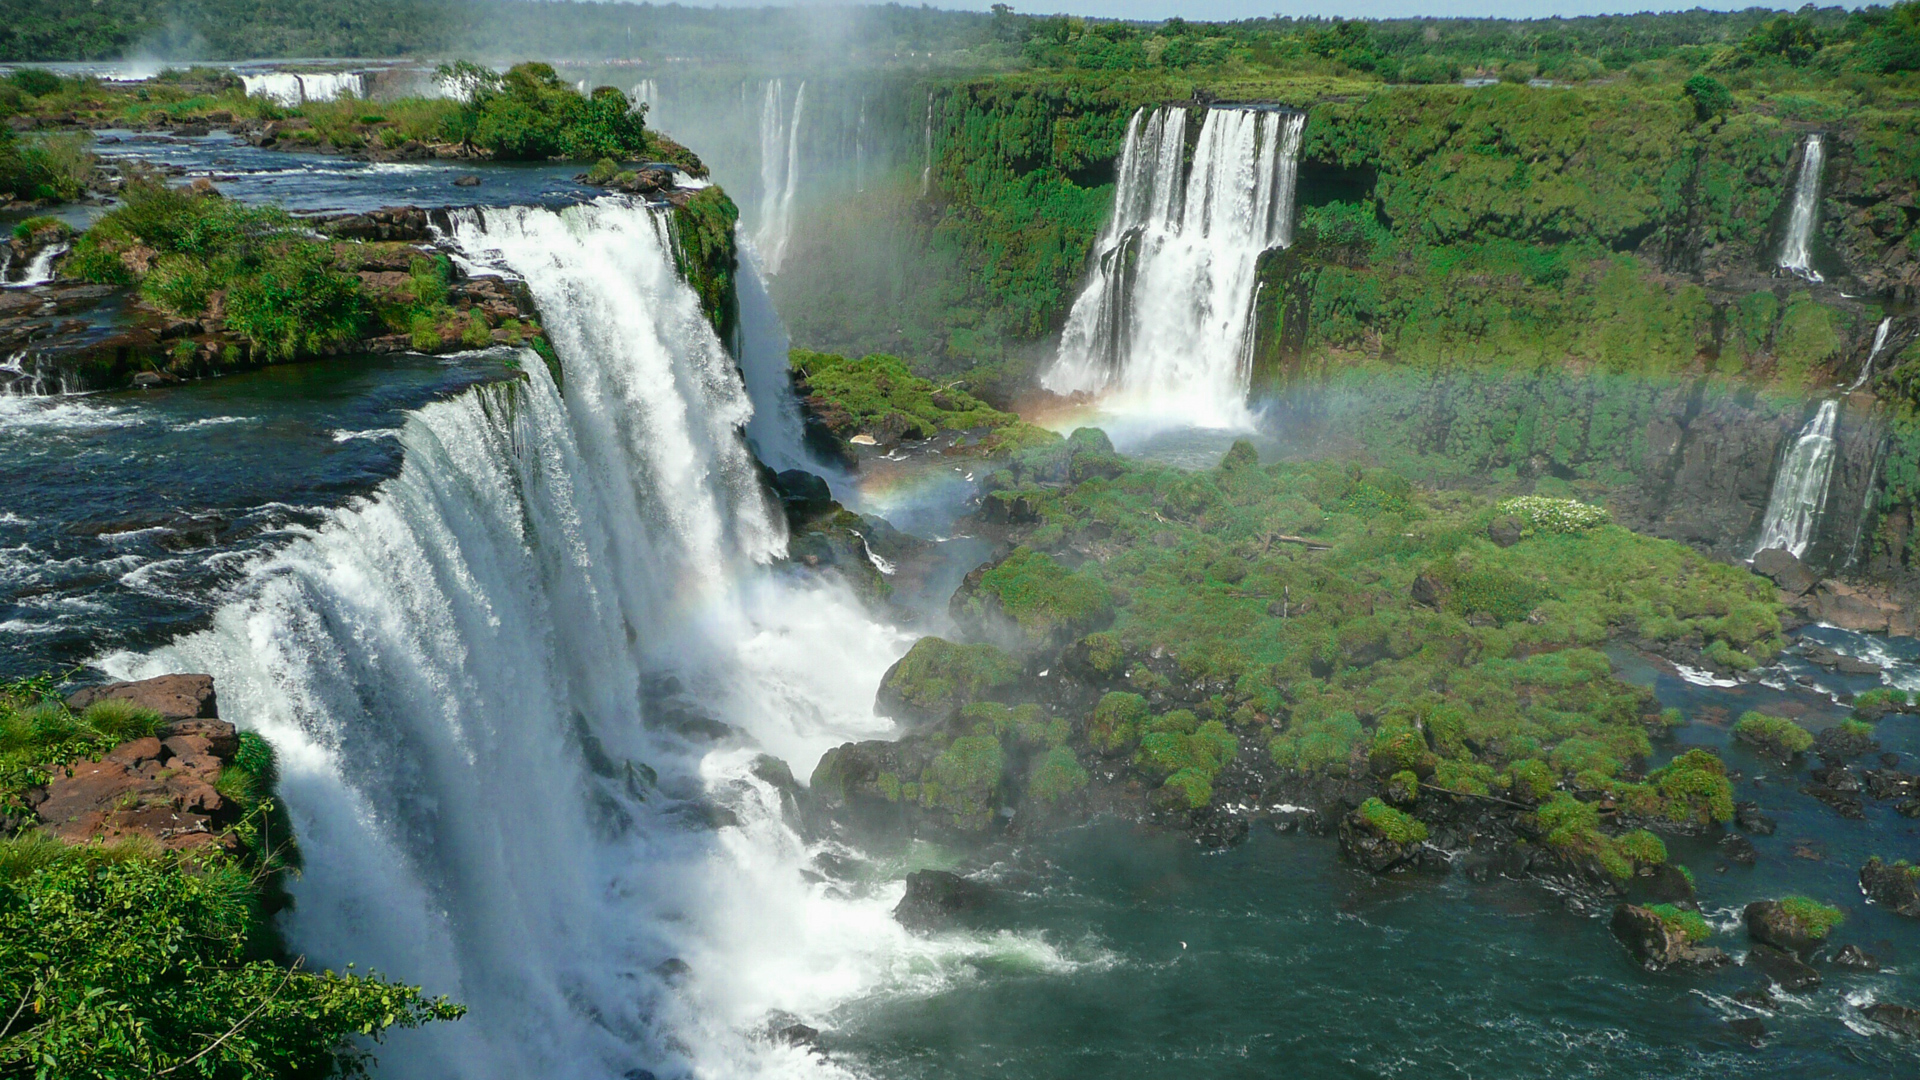 A thundering falls spectacle of Foz do Iguaçu
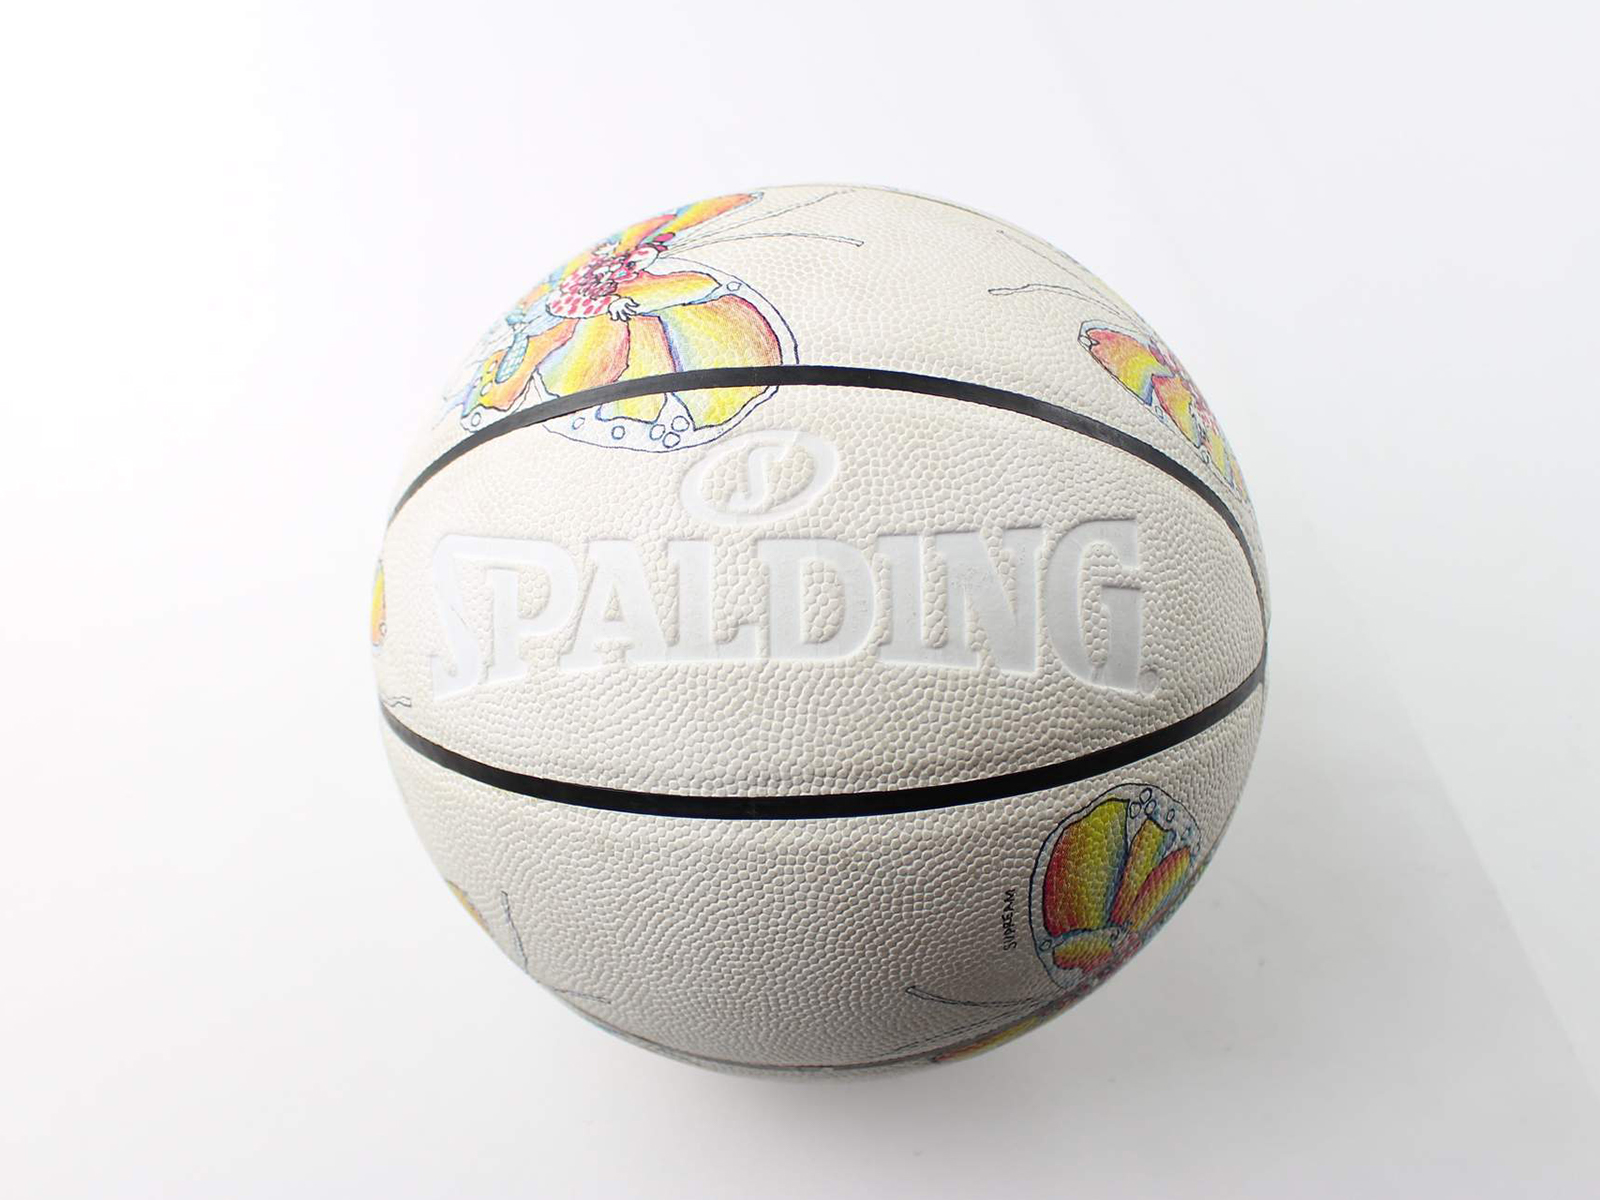 Plus beau ballon Spalding de l'histoire
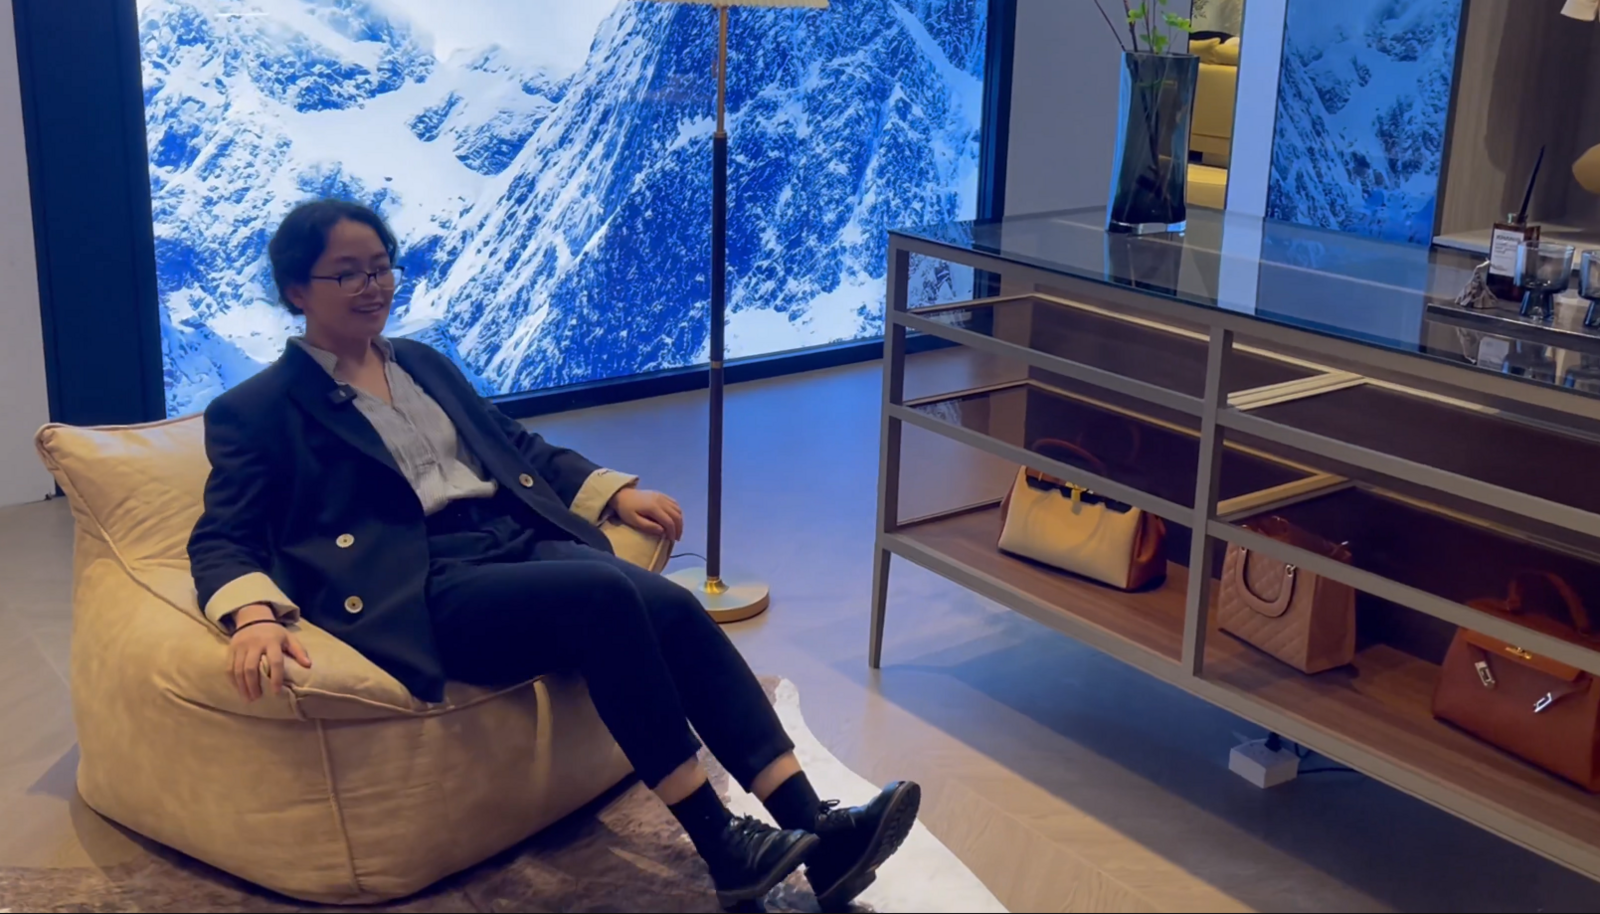 沙发能按摩、床体能止鼾，深圳家居设计周探索智能家居应用未来
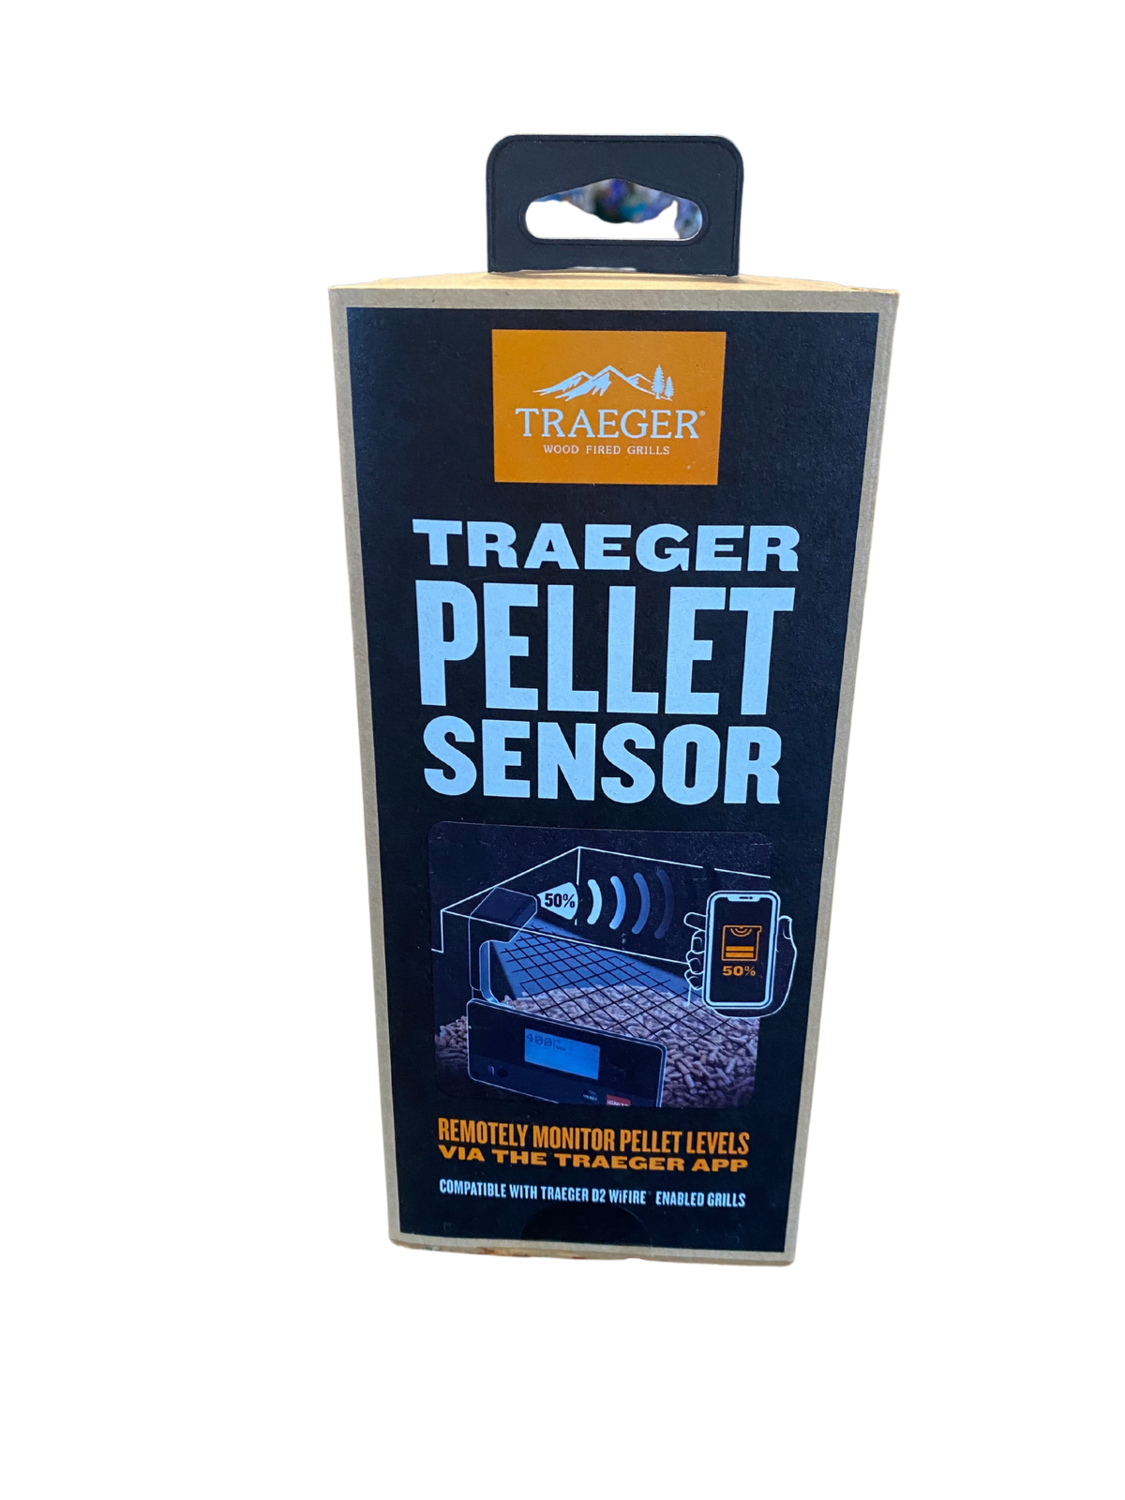 TG Pellet Sensor
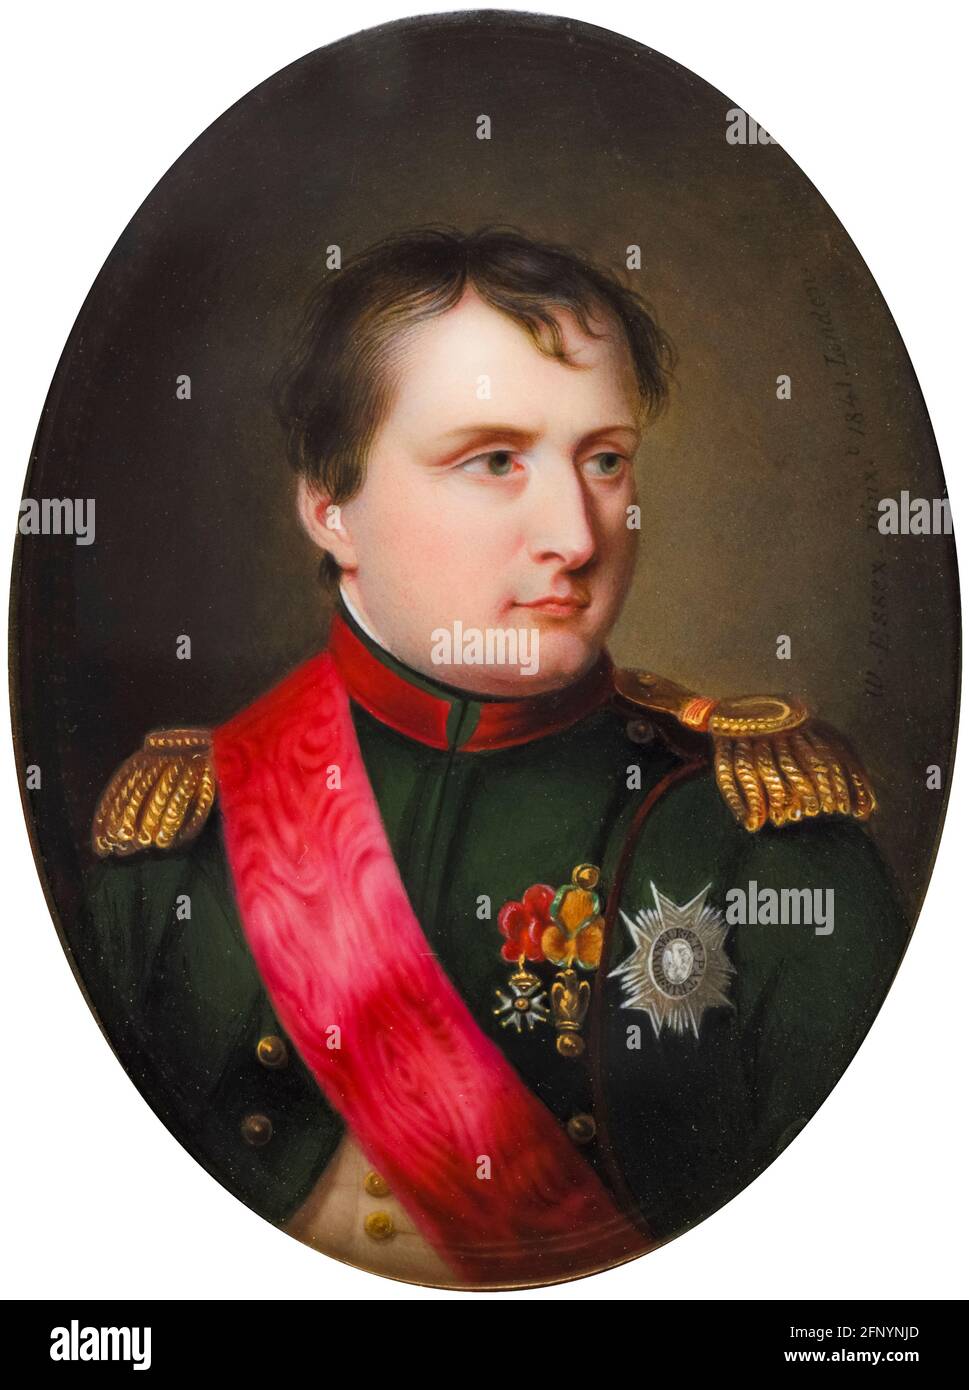 Napoléon Bonaparte (1769-1821), empereur de France comme Napoléon Bonaparte I, portrait miniature de William Essex, 1841 Banque D'Images

> [What the task asks] Apart from the images, reproduce the listing exactly as it appears.

> [Answer to the exercise]
 A thundering falls spectacle of Foz do Iguaçu
 Plus beau ballon Spalding de l'histoire
 沙发能按摩、床体能止鼾，深圳家居设计周探索智能家居应用未来
 TG Pellet Sensor
 Napoléon Bonaparte (1769-1821), empereur de France comme Napoléon Bonaparte I, portrait miniature de William Essex, 1841 Banque D'Images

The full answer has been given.